The monthly challenge of menstruation as well as the haemostatic challenge of childbirth postpartum renders more females than males symptomatic with
von Willebrand disease. Among vWD patients, the obstetrical and gynaecological morbidity is certainly more pronounced in Type 2,3 patients compared to Type 1 patients, but even in the latter group there is a high proportion of
menorrhagia with associated anaemia, loss of time from work/school and the use of
hysterectomy for ultimate control of
bleeding. Despite the well known adage of the "gestational palliation" of vWD, there is a high proportion of postpartum haemorrhage in Type 1 patients also especially after the first 24 h after delivery.

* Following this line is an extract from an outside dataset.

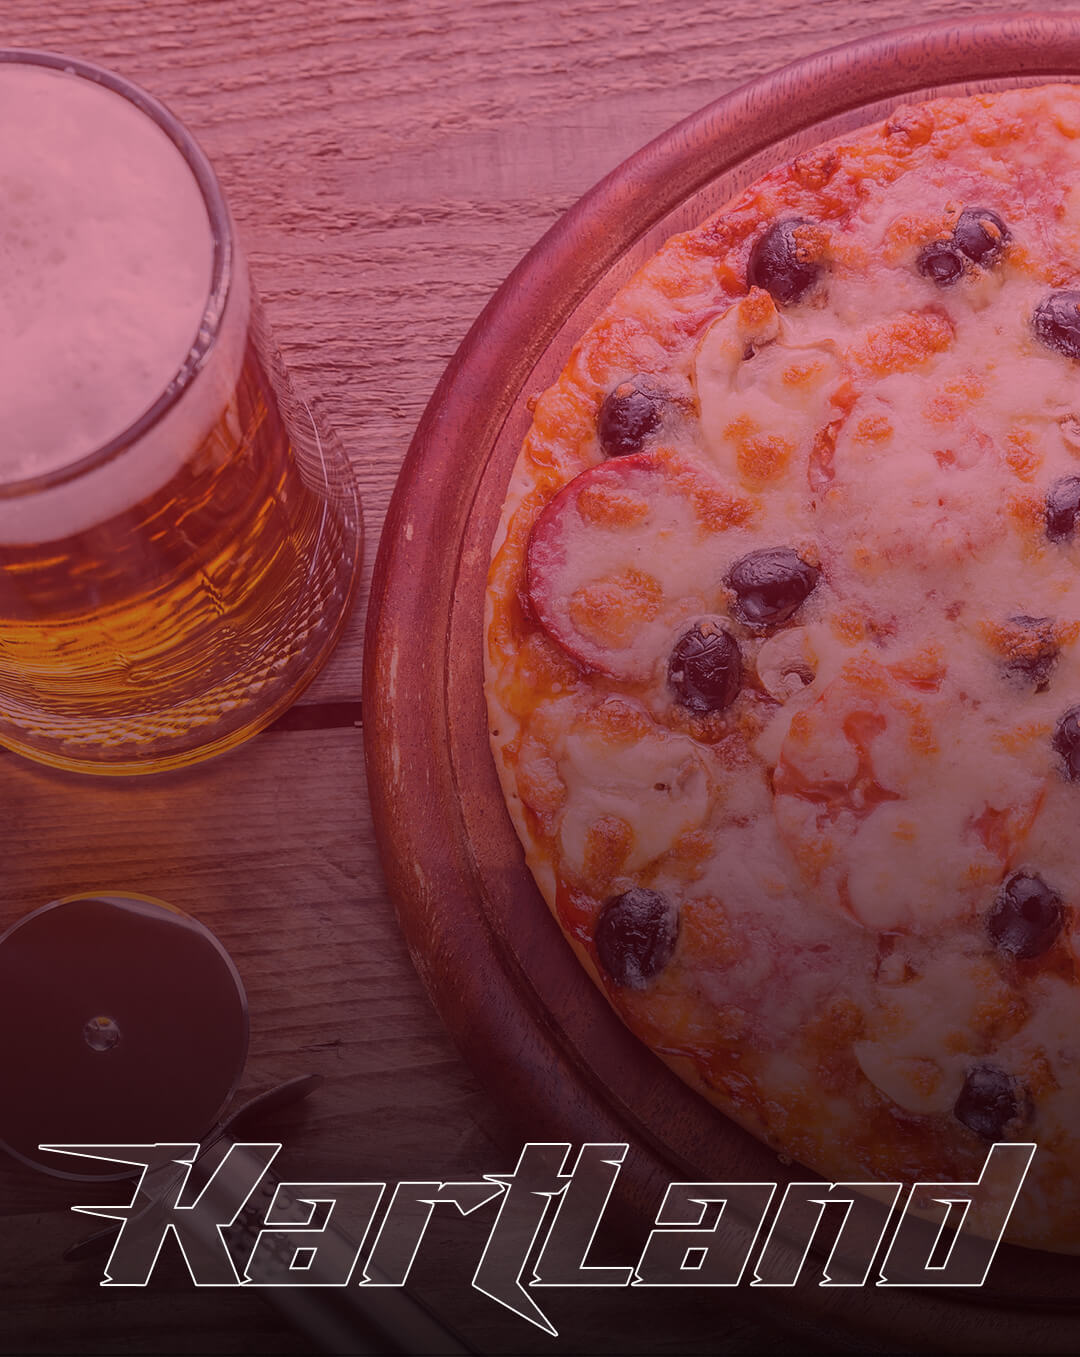 restoran-hrana kartland karting beograd
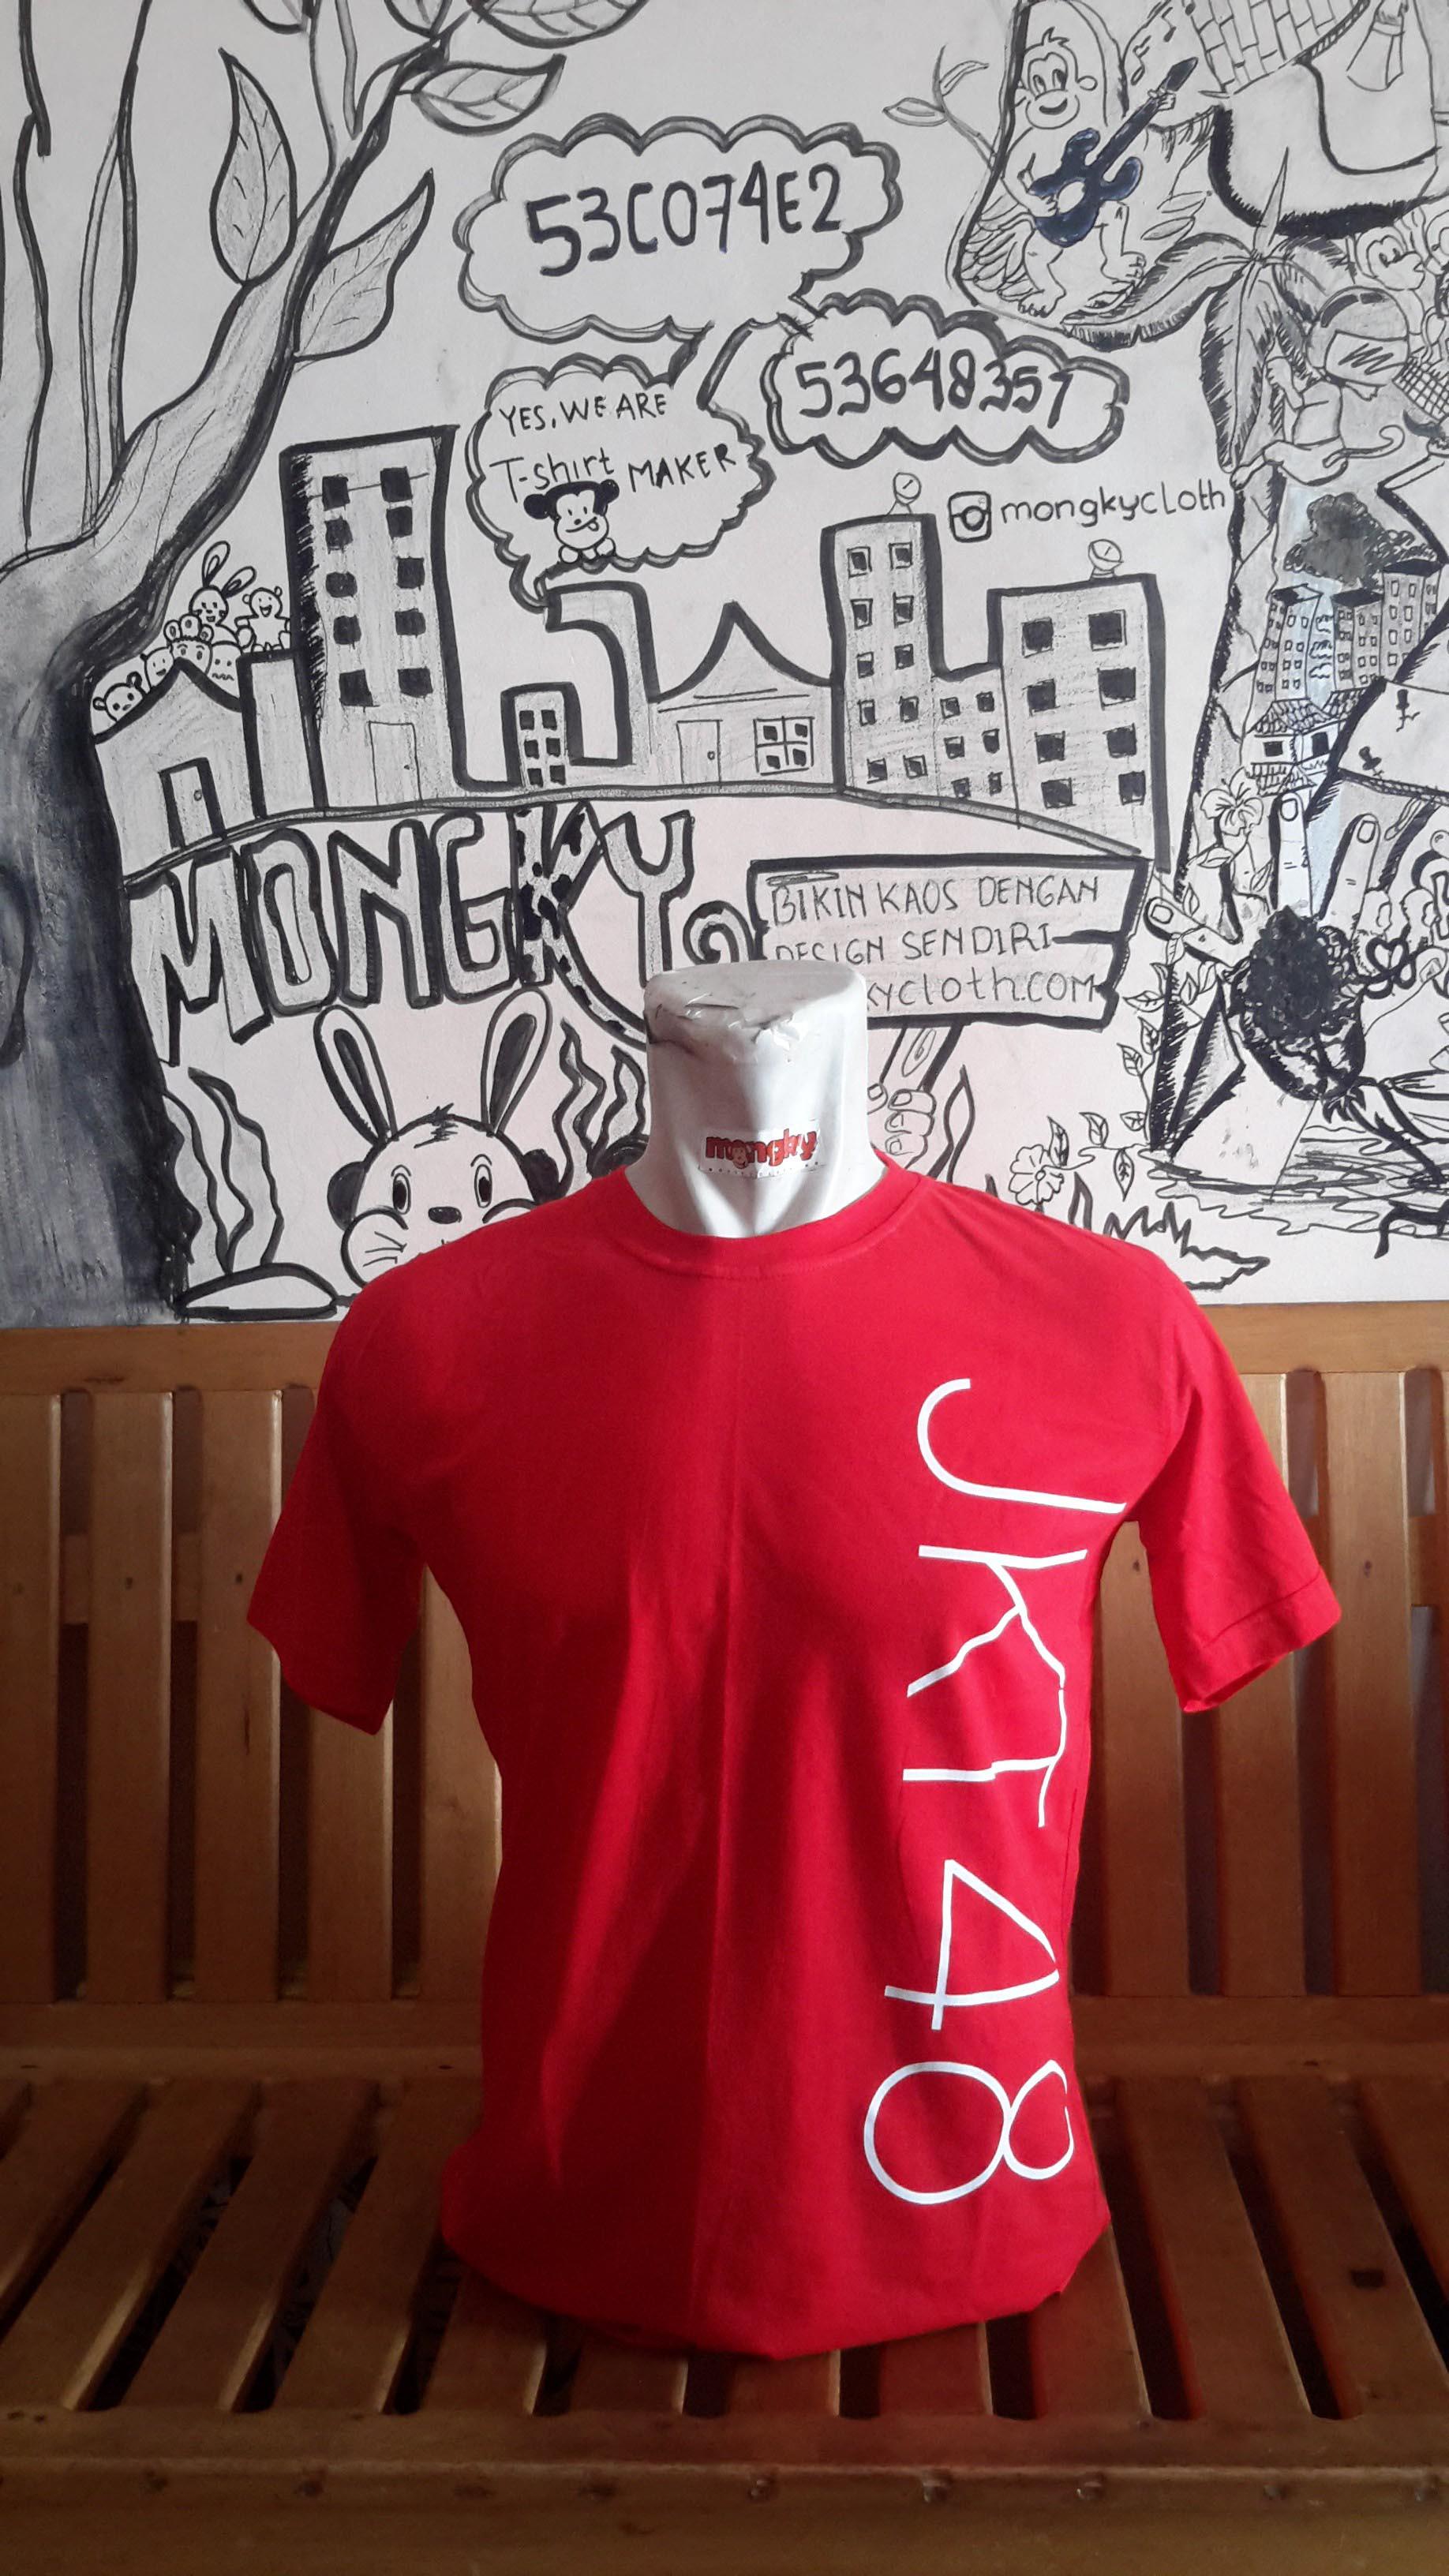 Desain t shirt jkt48 - Kaos Jkt48 Bisa Pakai Desain Sendiri

This may occur despite normalization of the
factor VIIIc level in the third trimester, particularly in Type 2,3 patients. With the increasing availability of intranasal/subcutaneous
DDAVP that could be readily administered at home for
menorrhagia, there recently has been ongoing efforts internationally to determine the prevalence of vWD in females presenting with
menorrhagia with a prevalence of 17% combined from two studies of 180 patients total. Issues remain regarding the optimal dose/schedule of intranasal/subcutaneous
DDAVP for
menorrhagia and the relative efficacy of
antifibrinolytic agents. The proper role of
oral contraceptives and
danazol also deserves further study in vWD patients with
menorrhagia. In sum, a comprehensive care approach in females with vWD is warranted analogous to the successful model of care of male haemophiliacs with the intent to (a) reduce unnecessary surgical interventions for
menorrhagia, (b) improve the quality of life during menses and (c) optimize peri-partum management.